NOTES:
1.
A shareholder of the Company (“Shareholder”) entitled to attend and vote at the AGM is entitled
to appoint not more than two (2) proxies to attend and vote in his stead. Where a Shareholder
appoints two (2) proxies, the appointments shall be invalid unless he specifies the proportion of
his shareholding (expressed as a percentage of the whole) to be represented by each proxy.
2.
A Shareholder should insert the total number of shares in the capital of the Company (“Shares”)
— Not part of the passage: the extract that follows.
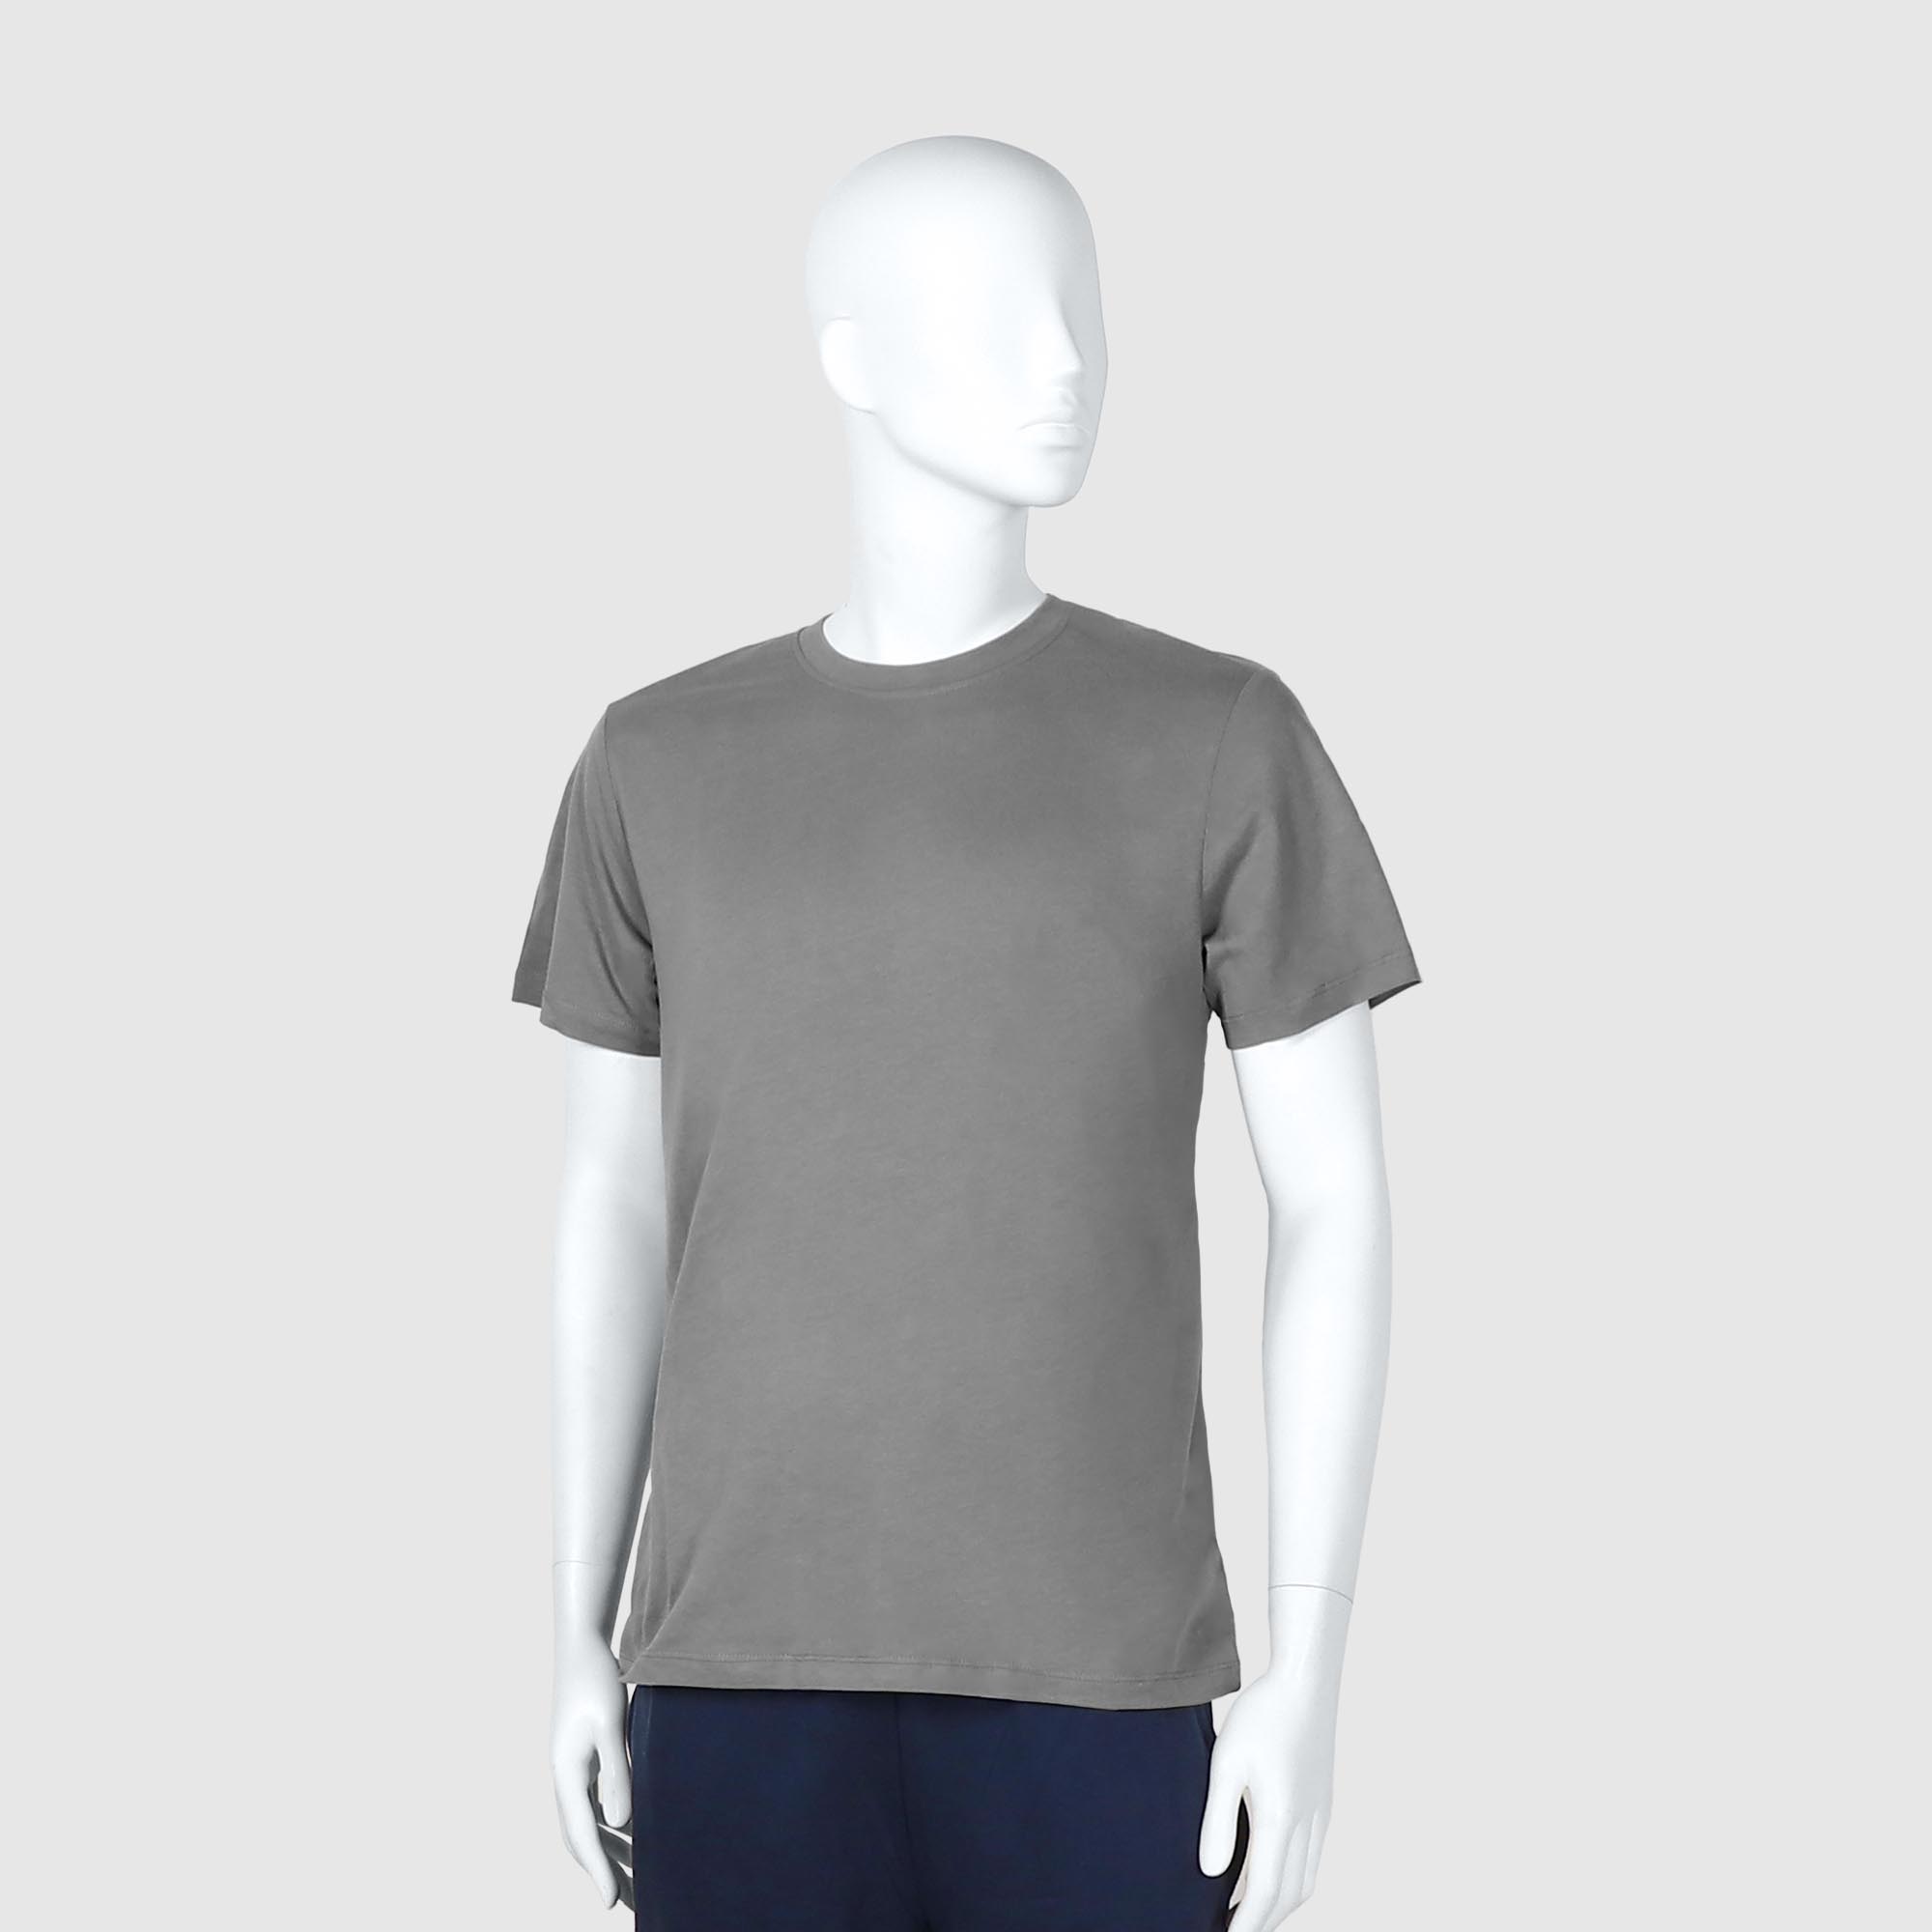 Мужская футболка Diva Teks серая (DTD-04), цвет серый, размер 44-46

held by him. If he has Shares entered against his name in the Depository Register (as defined
in Section 130A of the Companies Act, Chapter 50), he should insert that number of Shares. If
he has Shares registered in his name in the Register of Members, he should insert that number
of Shares. If he has Shares entered against his name in the Depository Register and Shares
registered in his name in the Register of Members, he should insert the aggregate number of
Shares entered against his name in the Depository Register and registered in his name in the
Register of Members. If no number is inserted, the instrument of proxy shall be deemed to relate
to all the Shares held by him.
3.
The instrument of proxy must be under the hand of the Shareholder or of his attorney duly
authorised in writing. Where the Shareholder is a corporation, the instrument of proxy must be
executed under its common seal or under the hand of its attorney duly authorised in writing.
4.
The instrument of proxy (together with the power of attorney, if any, under which it is signed or
a duly certified copy thereof) must be deposited at the registered office of the Company at 50
Raffles Place, #06-00, Singapore Land Tower, Singapore 048623 not less than forty-eight (48)
hours before the time appointed for the AGM.
5.
A corporation which is a Shareholder may authorise by resolution of its directors or other
governing body such person as it thinks fit to act as its representative at the AGM, in accordance
with Section 179 of the Companies Act, Chapter 50 of Singapore.
6.
The Company shall be entitled to reject an instrument of proxy if it is incomplete, improperly
completed or illegible or where the true intentions of the Shareholder are not ascertainable
from the instructions specified in the instrument of proxy. In addition, in the case of Shares
entered in the Depository Register, the Company may reject any instrument of proxy lodged if
the Shareholder, being the appointor, is not shown to have Shares entered against his name in
the Depository Register forty-eight (48) hours before the time appointed for the AGM, as certified
by The Central Depository (Pte) Limited to the Company.